Every year, approximately 640 million trees are planted in Canada. Tree breeding programs across the country work to maximize the quality and productivity of these trees, looking for innovative methods to produce seedlings that will not only grow quickly and consistently, but will produce trees with the desired fibre attributes, resistance to pests and adaptability to climate change.

Conifer seedling

The Canadian Wood Fibre Centre and its provincial, academic and industry partners have developed a new technique that improves upon conventional tree breeding techniques. Multi-varietal forestry (MVF) uses sophisticated technologies for mass propagation such as somatic embryogenesis and cryo-preservation, matching genetically improved stock with appropriate sites to increase productivity, volume gain and quality in forest plantations. To date, MVF is an approach that has been shown to increase wood production without compromising important wood properties, such as density.
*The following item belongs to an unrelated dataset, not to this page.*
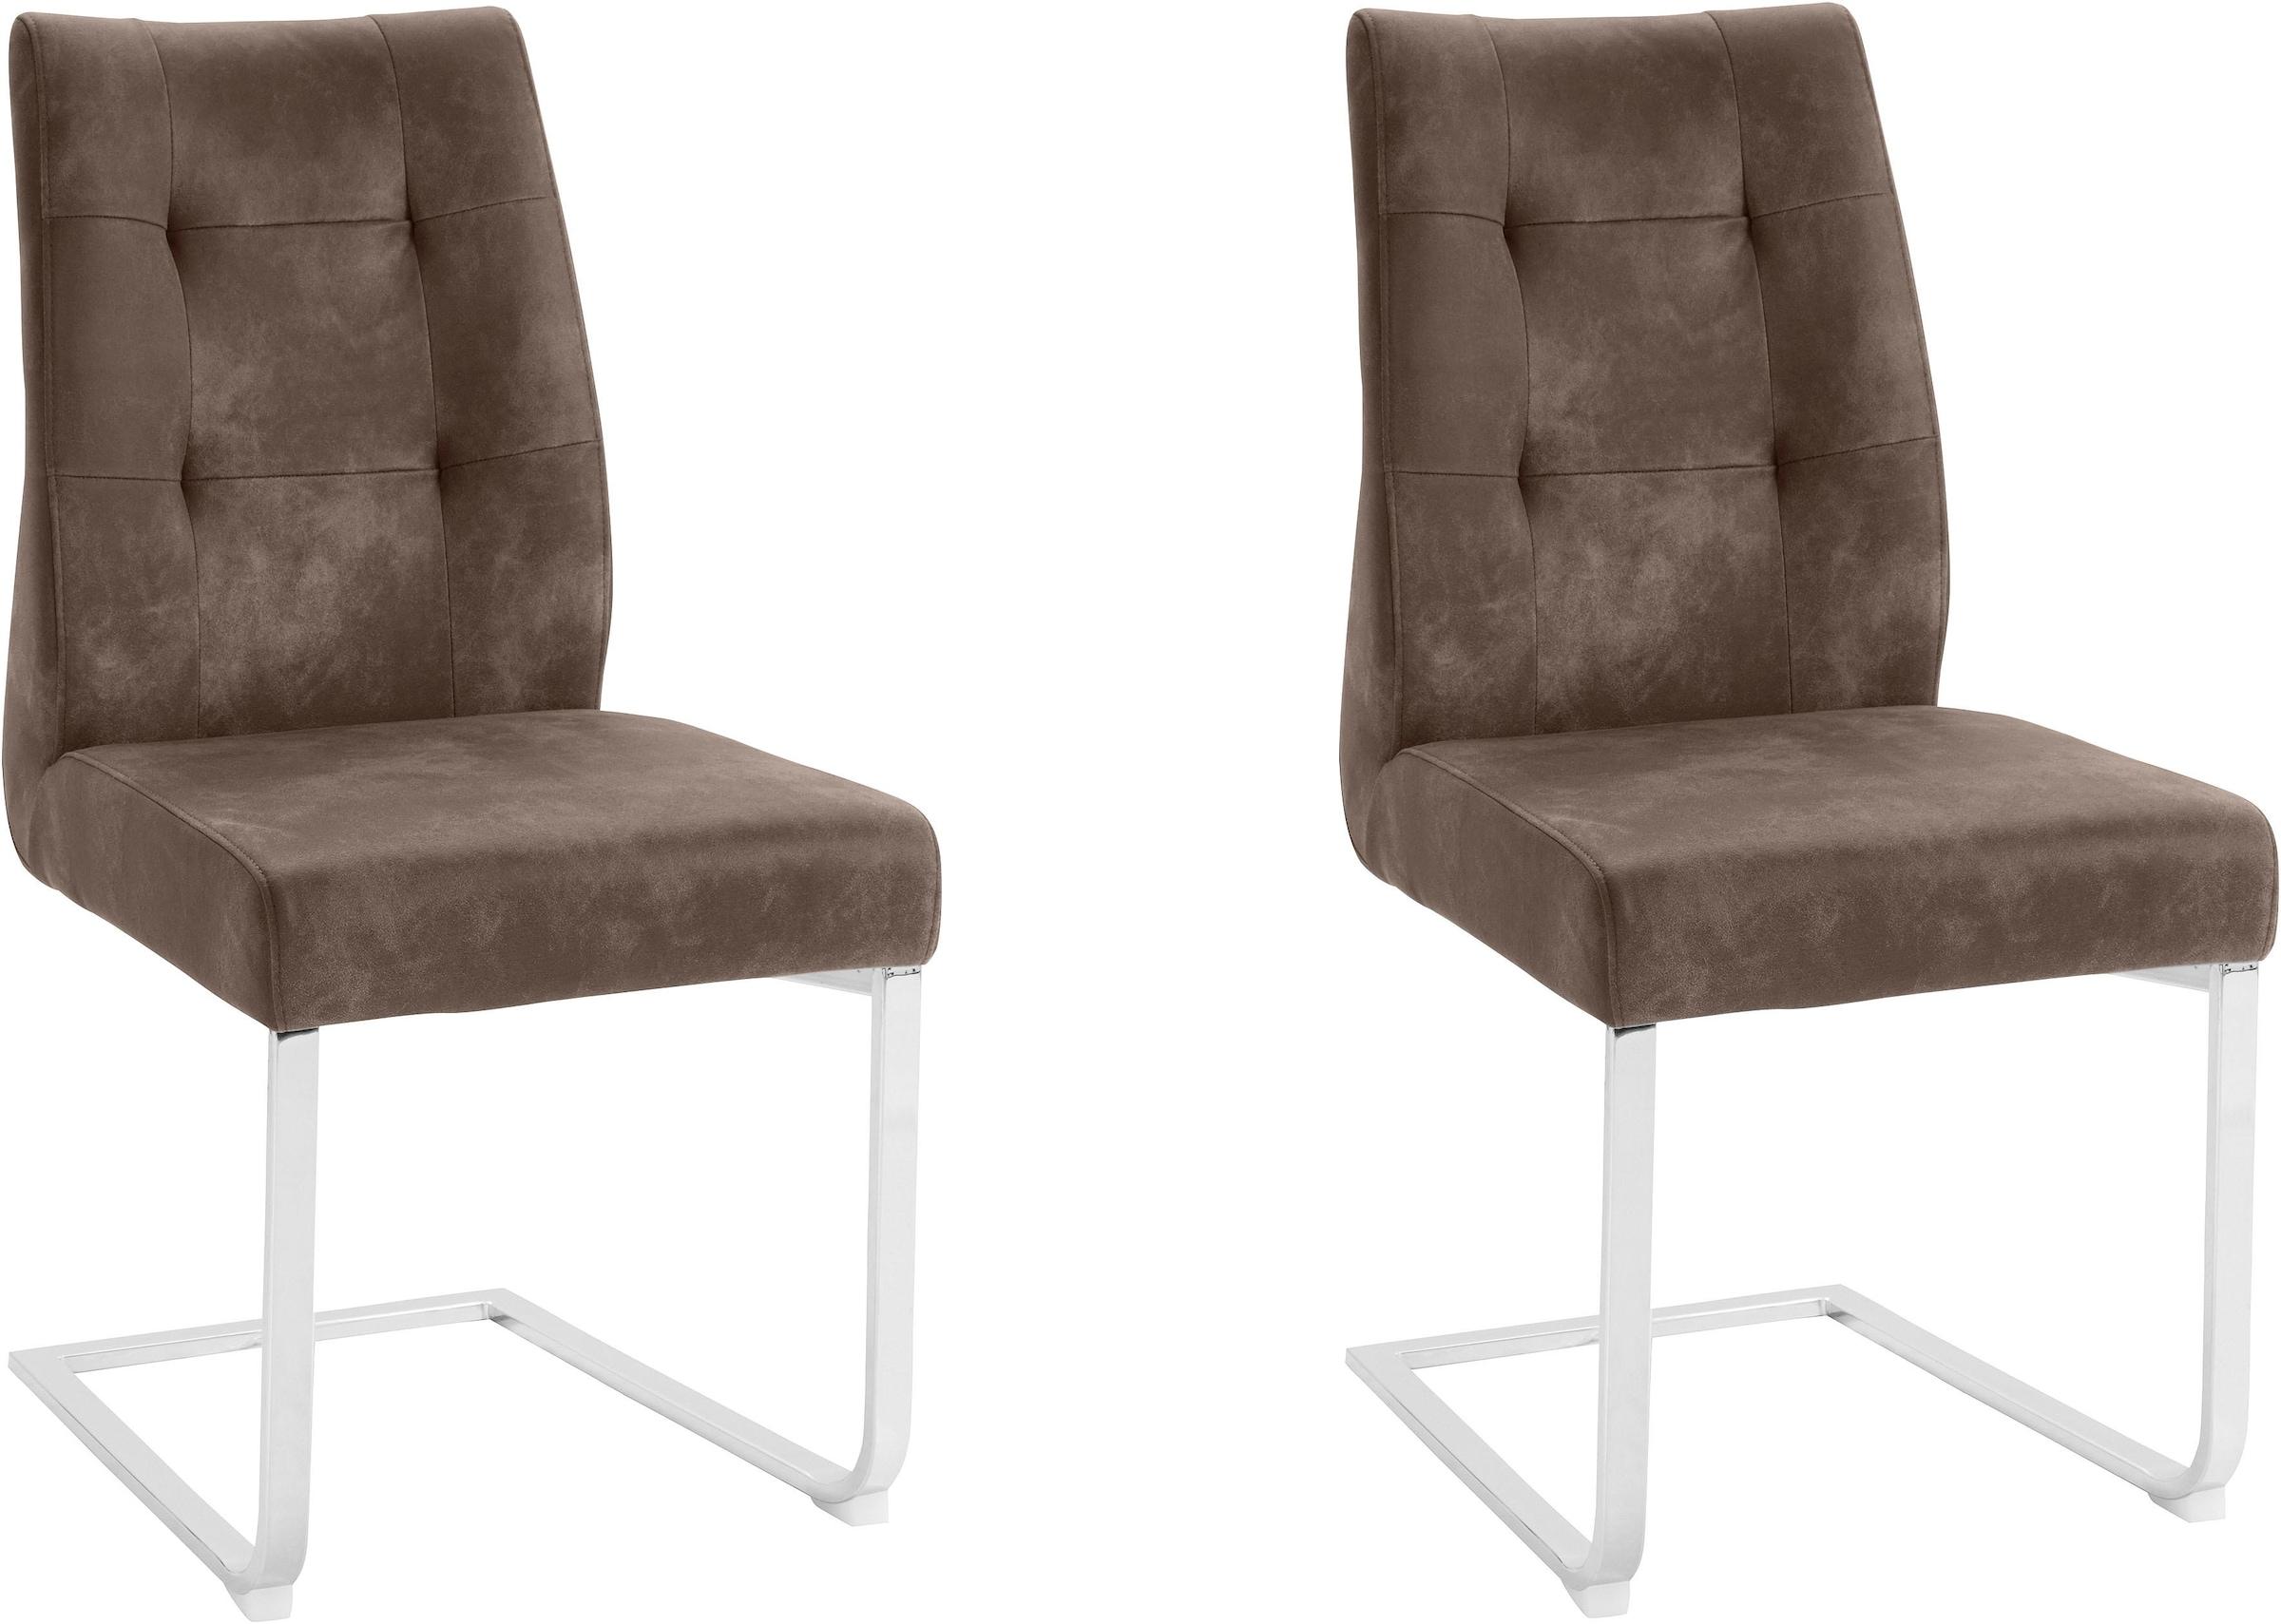 Küche und Esszimmer » Stühle und Hocker online kaufen
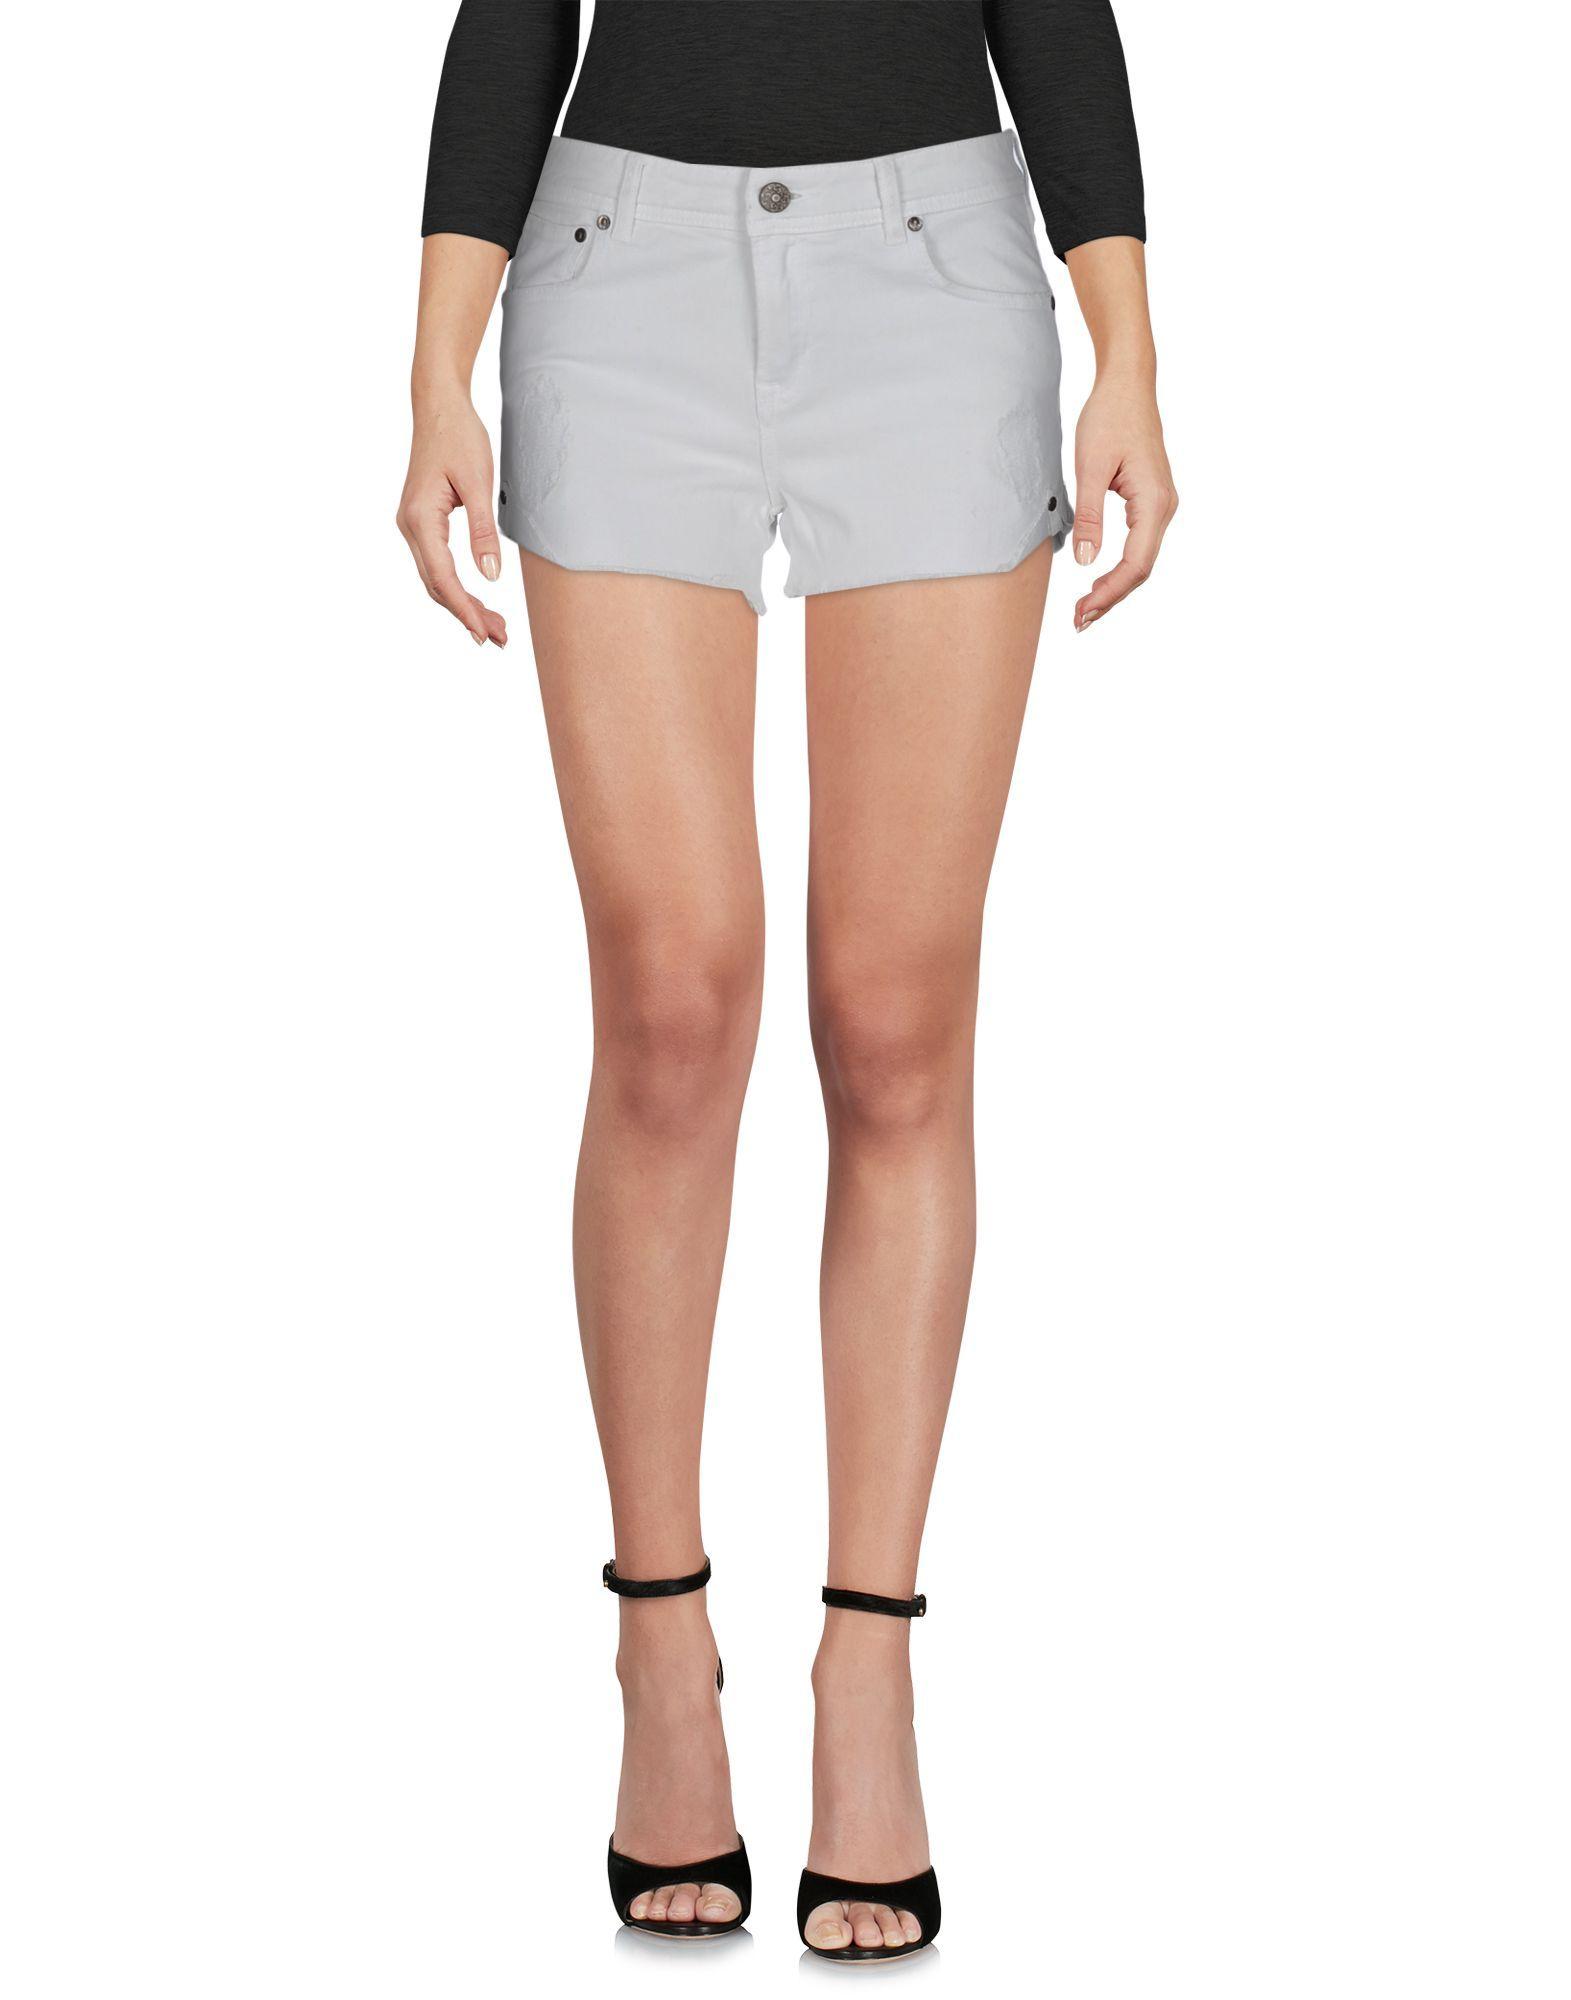 White denim cotton mid-rise shorts

Research with white spruce on prime growing sites in New Brunswick has shown that MVF can increase volume gain by more than 20% over conventional seed orchard rates. This rate of volume gain can reduce the time to harvest to 35 years from the usual 45 years. In addition, trees of predictable size and quality will reduce sorting and transportation costs.

White spruce stand

The knowledge obtained by MVF allows forest managers to confidently forecast plantation output, plan wood supply for particular end-products, and conduct realistic financial analyses to evaluate silvicultural investments over time. It will also allow the forest industry to benefit more quickly from long-term investments in tree improvement.

The Canadian Wood Fibre Centre and its research partners are working to refine MVF as an advanced tool for value-oriented forest management planning.